Closing the first half of our program with a bang, we feature our guest percussionists in Lift-Off! by Russell Peck, a composer born in Detroit and best known for pieces that bring the excitement of the symphony orchestra to new audiences. Barreling along on nine bass drums, his extravaganza is a real thrill ride.

Although it was more than a year ago when we selected the piece for this program, Ceremony After a Fire Raid by William Mathias on a text by Dylan Thomas does make a fitting tribute to those who died on September 11 in a horror too like the scene that inspired the poem. From the very start, the percussion’s blaring outbursts and the piano’s angry cluster tones express what the chorus then speaks in the first stanza, Thomas’ despair and agony upon seeing an infant’s burnt corpse on a London street following an aerial bombing. A glimmer of hope when the chorus first sings (“Begin with singing”) proves false, but across a twenty-minute span punctuated by two instrumental interludes, the composer and the poet eventually lead the listener from despair to rebirth in the finale (“Glory, glory, glory”). Ultimately, this piece is an affirmation of hope for troubled times.
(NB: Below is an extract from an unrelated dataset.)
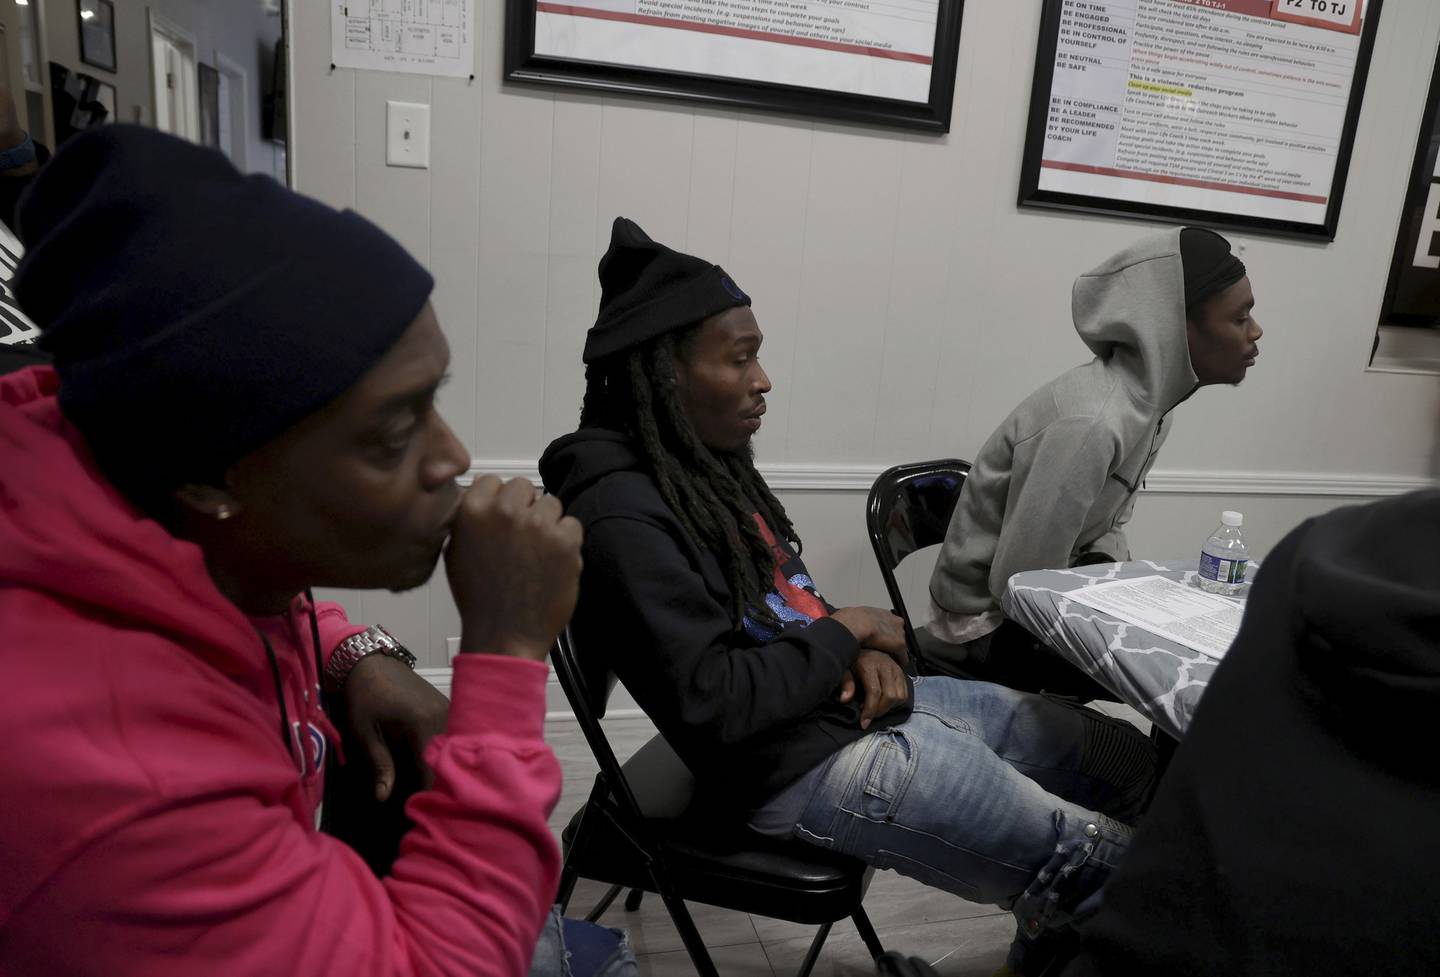 Outreach Specialist Cedric Hawkins, left, and new students Duane Taylor, center, and Perry Berry, right, listen during orientation at Youth Peace Center where Blackmon works as a mentor Nov. 17, 2022.

Estonian composer Arvo Pärt has enjoyed great success over the past two decades writing in a style he calls “tintinnabulation.” This word for the sounds of bells with their ringing overtones refers in Pärt’s usage to the predominance in various inversions of a single triad. A serenely beautiful example is The Beatitudes, written in 1990. While the listener may not be aware of the compositional process, throughout the piece the sopranos and tenors trade off two notes of a triad while the altos and basses weave around the third note, moving stepwise up and down the scale, always in opposite directions. The result is a shimmering sound, simultaneously static and in flux.

Finally, on a fun note, we offer the first two movements of Bach’s Cantata 29, “Wir danken dir, Gott, wir danken dir,” in a transcription that I created for tonight’s performing forces. Bach’s music has been subjected to countless transcriptions over the years. The practice goes back to the master himself, who often reused his music, and that of others, in new contexts. You may, in fact, recognize the opening sinfonia and chorus of Cantata 29 from other works. Bach adapted the preludio of his Violin Partita in E major for the sinfonia of the cantata, assigning the bravura violin solo to the organ, with an accompaniment of strings and trumpets. I, in turn, have created a tour-de-force xylophone solo and given the trumpet parts to the vibraphone and the string parts to the organ. The chorus that follows the sinfonia may also sound familiar, for Bach later refashioned it into both the “Gratias agimus tibi” and “Dona nobis pacem” of his crowning achievement, the Mass in B minor.

We hope you enjoy tonight’s offering and that we’ll see you again in December when we present a program of works by Bach and other Baroque composers in our usual manner, in their complete, original versions with vocal soloists and an orchestra of period instruments.